Immediately following this announcement, the real work began as each agency began creating an implementation plan, a roadmap to how we would make these commitments real.  Last week, I was thrilled to participate in the release of USAID’s Implementation Plan for the NAP.  This plan was crafted to provide guidance on how to both address the needs of women and provide them with the tools to empower themselves to be forceful change agents within their communities.

This critical step could not come soon enough.  For advocates focused on the empowerment and protection of women in conflict situations, these are heady times.  From graphic images of women being raped in the eastern Congo to young girls in Afghanistan having acid thrown in their faces for daring to return to school, the past few years have seen a growing international awareness of the tragic personal costs women pay for our failure to protect them in the context of armed conflict. We also now know the tremendous collective costs we pay as a global community for failing to draw on women’s talents for making and building peace, pursuing development, and reconstructing post-conflict societies.

But we are responding.  Through this Implementation Plan, we are working to ensure that we have impact on the ground by integrating and institutionalizing a gender-focused approach to peace and security; promoting women’s participation in peace processes and decision making; strengthening protection of women and children from hard, discrimination and abuse; and promoting women’s roles in conflict prevention.

Perhaps the most exciting about this plan is that it’s packed with programs that will have an impact on the ground.  For example, USAID will support new programs in the Philippines, Nepal, Yemen and elsewhere to strengthen women’s participation in peace-building and political processes. USAID will also establish a fund to catalyze implementation of the NAP through innovative activities that advance women, peace, and security in priority countries.

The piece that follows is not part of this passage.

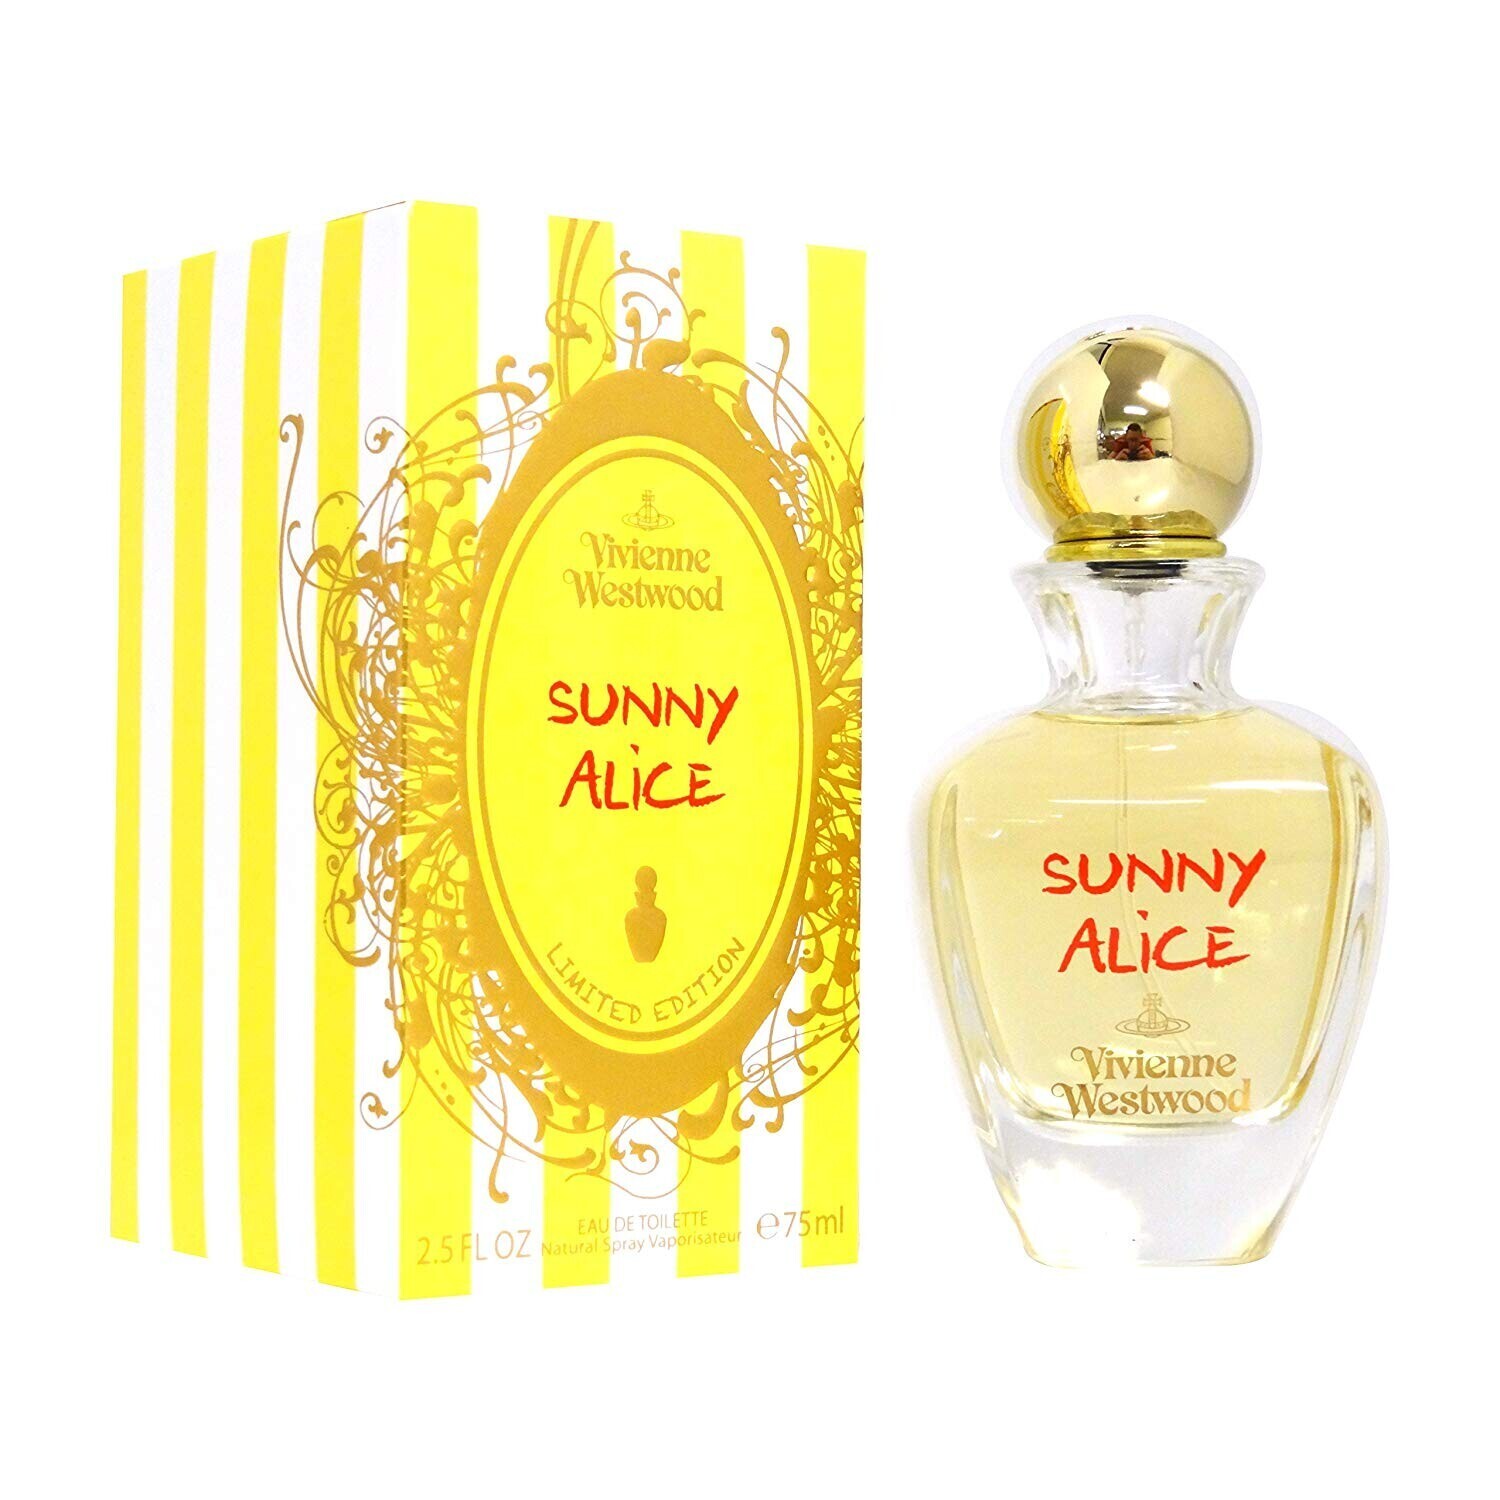 Sunny Alice - запах будущего лета от Vivienne Westwood

That said, we know the success of our efforts will not be measured by the policies we adopt, the resolutions and legislations we pass, the publicity we generate, or even the money we spend.  It will be measured by the degree to which we protect the well-being of women and girls faced with the horrors of war, empower them to play their rightful role in peace process and post-conflict reconstruction, hold government security forces and warlords alike accountable for acts of abuse and sexual violence, build strong civil society networks of women and for women, and end the stigma of victimization that confronts women leaders around the world.